Светлый фон

В дальнейшем Турнье описывает людей, которые, преследуемые неумолимым чувством вины, иногда налагают на себя абсурдную епитимью, тщетно пытаясь избавиться от вины, которую с рациональной точки зрения они давно искупили перед людьми и Богом.

Он считает это скорее психологической, чем религиозной проблемой хотя она затрагивает протестантов чаще, чем католиков[420].

«В сердце любой церкви существуют моралисты, желающие предписать другим условия спасения. …Это вопрос психологии, потому что он касается одной врожденной склонности человеческого разума, в практическом отношении – это механизм для маскировки вины … когда человек использует для самооправдания демонстрацию своих заслуг, добродетелей и аскетических подвигов и с готовностью предлагает их другим в качестве условий прощения»[421].

Замечание Турнье важно в том отношении, что оно основано на предположении, что, возможно, нормы социального контроля, особенно те нормы аскетического характера, которые многие объявляют всеобщими и обязательными для исполнения, изначально имеют источником неконтролируемое чувство вины, несмотря на то что они кажутся последствиями зависти. Наша загадочная для Турнье неспособность стряхнуть с себя чувство вины, несмотря на то что мы получили прощение, может, однако, находиться в некоторой связи с предположительной или реальной завистью к нам других, недовольных нашей невиновностью.

Казалось бы, Новый Завет, обещая отпущение грехов всем без исключения вне зависимости от предыдущих заслуг, проповедует независтливую установку. Иногда начинает казаться, что он бросает вызов «чувству справедливости», обнаруживая под маской справедливости зависть, как в притчах о блудном сыне (Лк 15, 25–32) и о работниках в винограднике (Мф 20, 1–16). Турнье совершенно правильно обращается к ним в этой связи[422].

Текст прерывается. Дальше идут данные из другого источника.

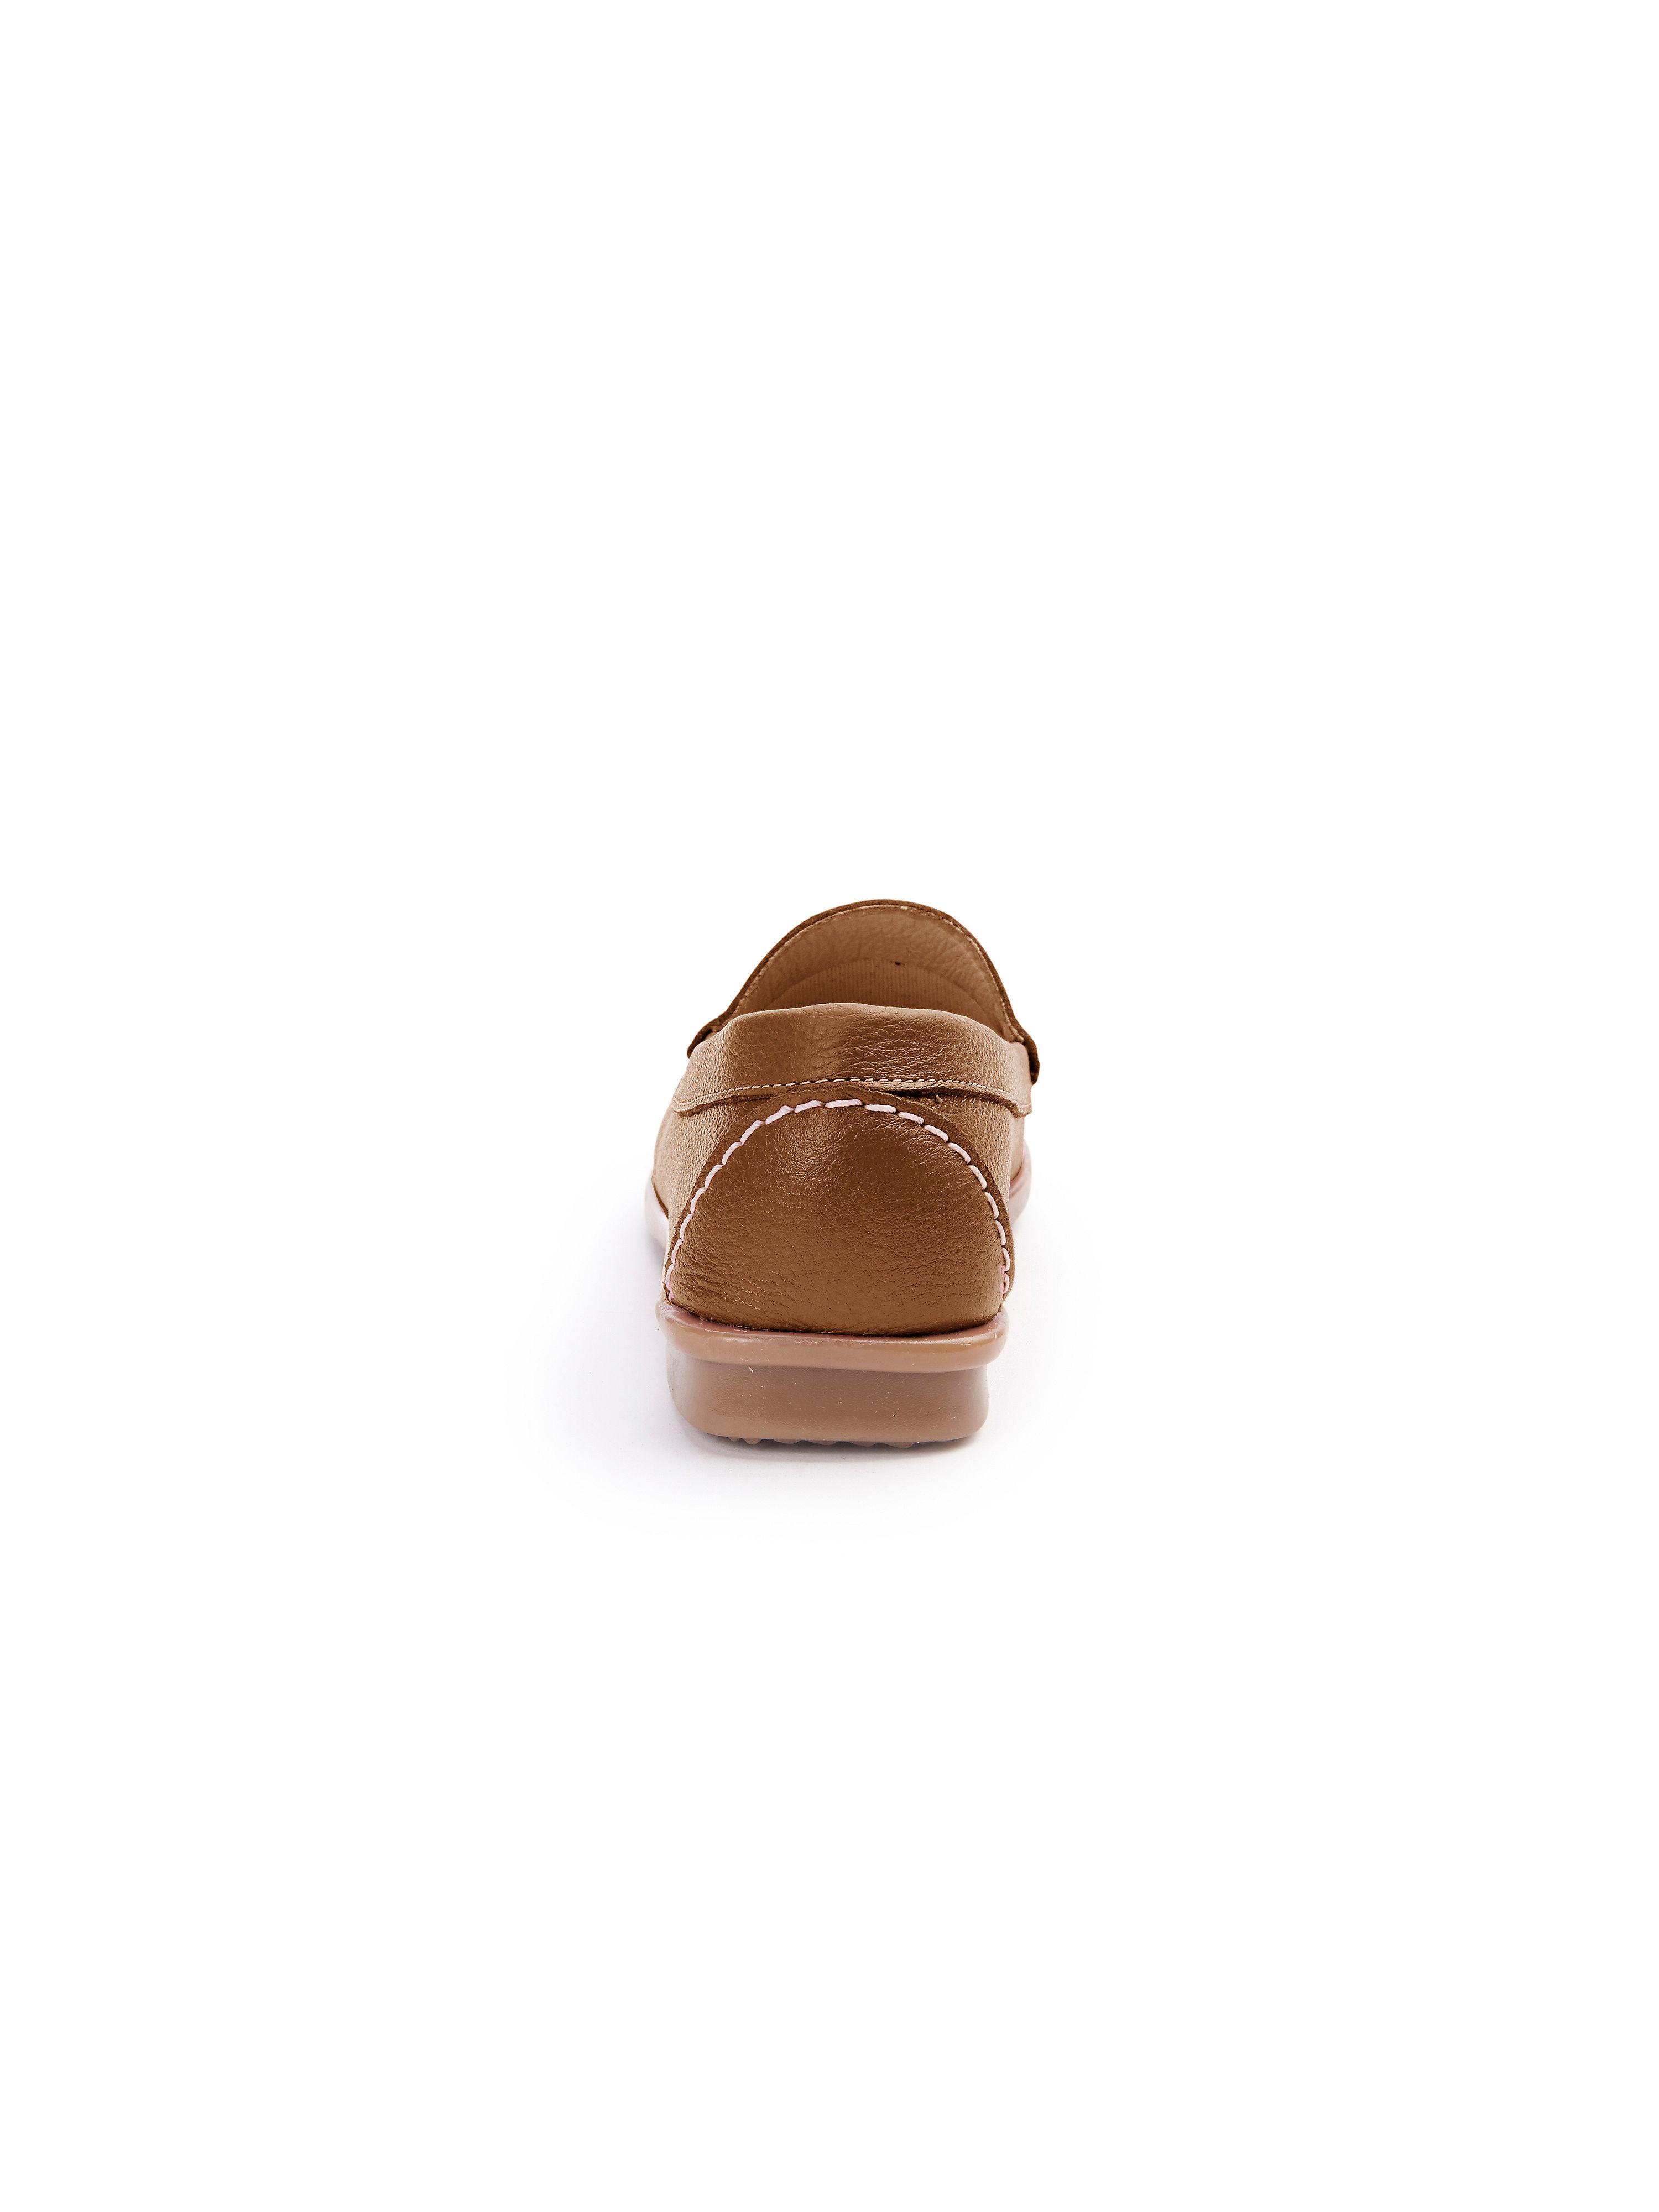 Peter Hahn Gute - Mokassin aus 100% Leder - Camel Gute Hahn Qualität beliebte Schuhe 56ad52

Глубина и первичный характер человеческого страха перед завистью других не в последнюю очередь проявляются в неспособности даже христианской доктрины спасения дать верующим чистую совесть или побудить их принять то, что кажется божественной несправедливостью, не испытывая чувства вины. Проблема здесь не в раздавленном судьбой верующем, обвиняющем своего Господа, а в любимце фортуны, который, как, например, человек, уцелевший после катастрофы, не в состоянии перестать задавать себе вызванный чувством вины вопрос: «Почему спасся именно я? Разве многие из тех, кто погиб, не были лучше меня?» В каждом из таких случаев можно было бы различить истинное и ложное чувство вины, только изучив конкретную личность во всех ее проявлениях[423].